Showing posts with label Bowling Green University Center for Archival Collections. Show all posts
Showing posts with label Bowling Green University Center for Archival Collections. Show all posts

Tuesday, September 29, 2009

Good and bad genealogy news in Ohio

Second installment on the fall issue of the Ohio Genealogical Society's Ohio Genealogy News, which comes bearing both good news and bad:

* The Preble County District Library has scanned and indexed county marriage records 1808-1996 and various other historical records.

* Bowling Green State University's Center for Archival Collections includes manuscripts with online finding aids; local government records including hunting and fishing licenses, poll books, tax lists, and peddlers licenses, plus online indexes for Henry County 1853 plat books and Wood County probate estate case files 1820-1870; and online databases of Great Lakes vessels including photographs.

* OGS will sponsor its third annual writing contest (750-5000 words), accepting entries in January and February 2010. This is a great place to jump-start your genealogy writing career and get some critiques. If you're doing a lot of work in Ohio, you can submit up to two entries in each of four categories -- eight total.

Bad news: the Ohio Historical Society's archives and library will be open only on Thursdays during 2010 and the first quarter of 2011. Library hours will be reduced at the Hayes Presidential Center and at Columbus Metropolitan as well.

Wednesday, October 22, 2008

Ohio Civil War Genealogy Journal #4

The last OCWGJ of 2008 is, as usual, packed -- but to me the big news was underplayed. Two new indexes of northwest Ohio Civil War newspaper letters and articles are now available on line!

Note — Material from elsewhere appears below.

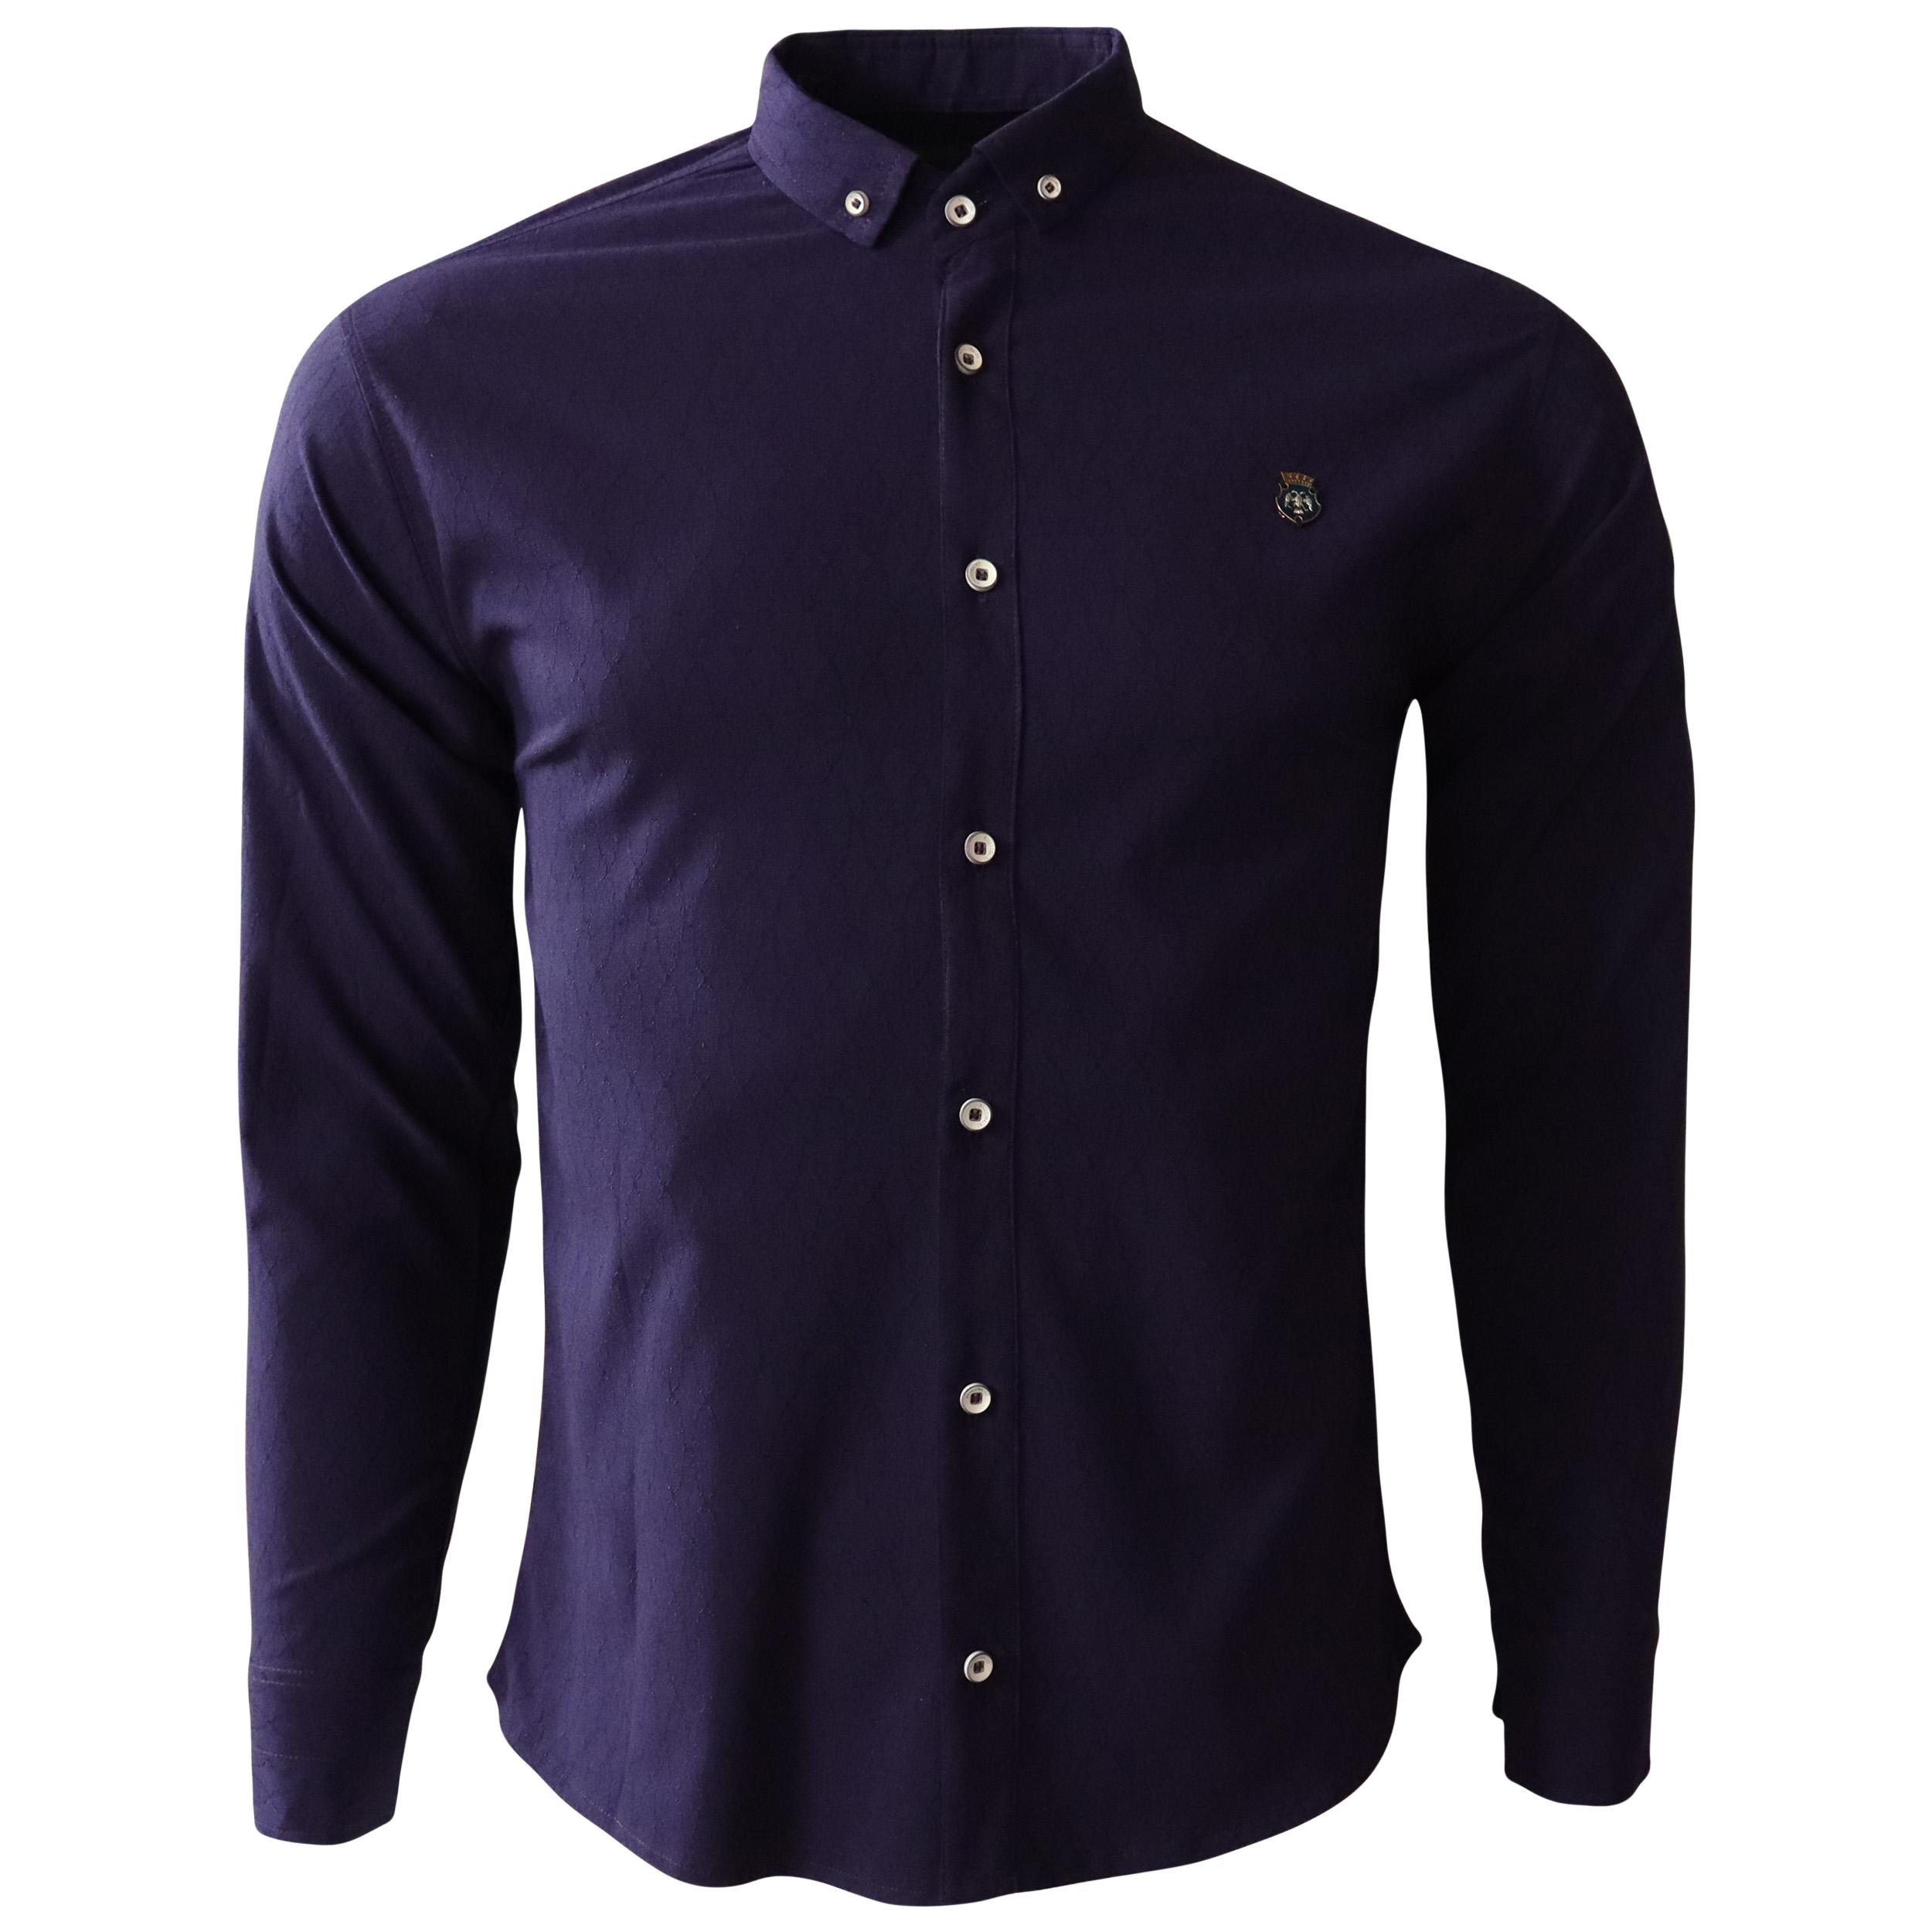 پیراهن مردانه مدل rm9966 thumb 2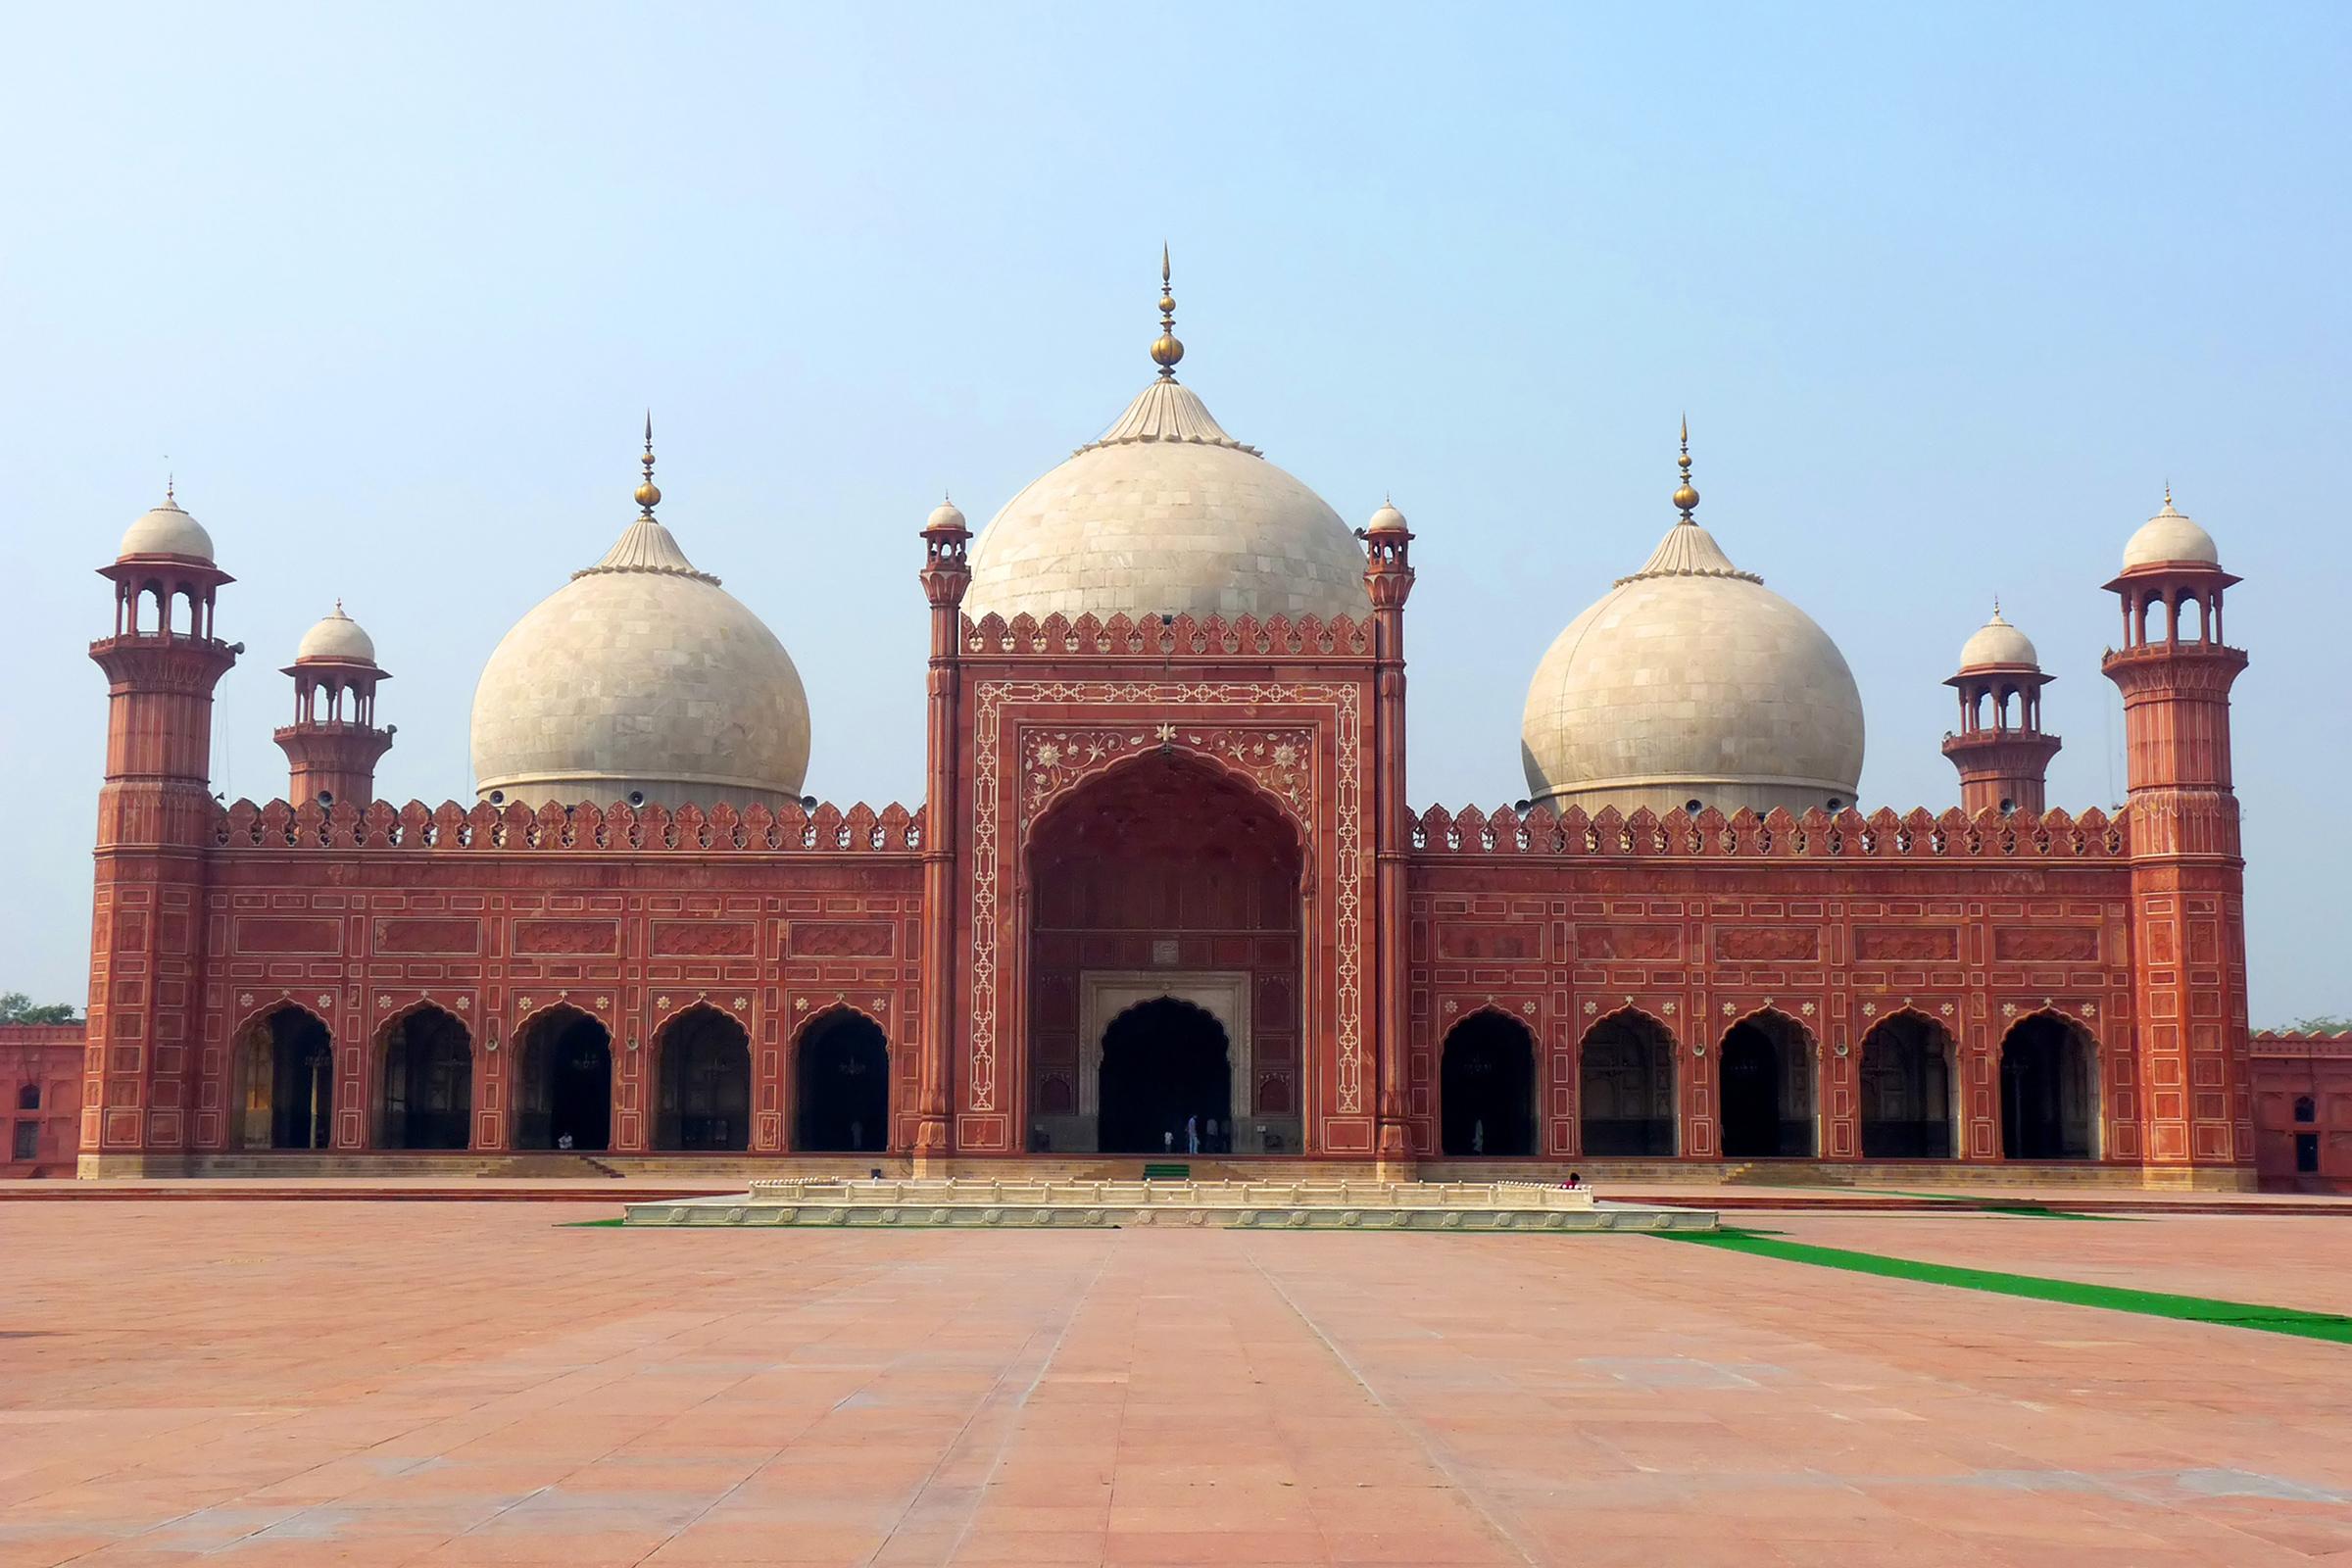 Pakistan Lahore Badshahi Mosque

From Bowling Green University's Center for Archival Collections (which has other Civil War stuff too), there's a "Civil War Newspaper Correspondence Index," listing letters from soldiers published in newspapers in the counties of Allen, Crawford, Darke, Defiance, Hancock, Henry, Huron, Lorain, Lucas, Ottawa, Paulding, Putnam, Sandusky, Seneca, Williams, Wood, and Wyandot. The index includes names of the letter-writers, but it's organized by military unit. Not all newspapers indexed are available at BGSU.

From the Rutherford B. Hayes Presidential Center (which also has more CW material), there's an "Index to Civil War Letters and Related Articles Published in Northwest Ohio Newspapers, 1861-1865." Three newspapers are indexed -- the Fremont Journal (Sandusky County), Norwalk Reflector (Huron County), and the Sandusky Register (Erie County). All are at RBHPC. I think there's some overlap, but in general it appears that the Hayes index goes deeper into a smaller number of newspapers.

And if you've had enough of indexes for a while, the articles this quarter include many actual letters:

"Letters from the Homefront to a Soldier: The Letters of George W. Tope," by Linda Lee Tope Trent. (There's material here even if you're no Civil War buff: when George says he bought his wife a dress, he means that he bought her the proper amount of cloth with which she made the dress.)

"Henry H. Melick, 32nd OVI: The Pensioner's Tale," by Mari M. McLean.

"Letters from Cap. A. N. Goldwood, 64th OVI & 31st USCI," by Gerald Boone.

"Ask the Experts" includes a lengthy and necessarily-but-unfortunately-inconclusive discussion of the fate of Thomas Hemings, 175th OVI.

"Amanda Township, Fairfield County OH: Volunteers of 1863," by Thomas Stephen Neel.

"1883 Census of Pensioners, Stark County, Ohio," by Michael Elliott.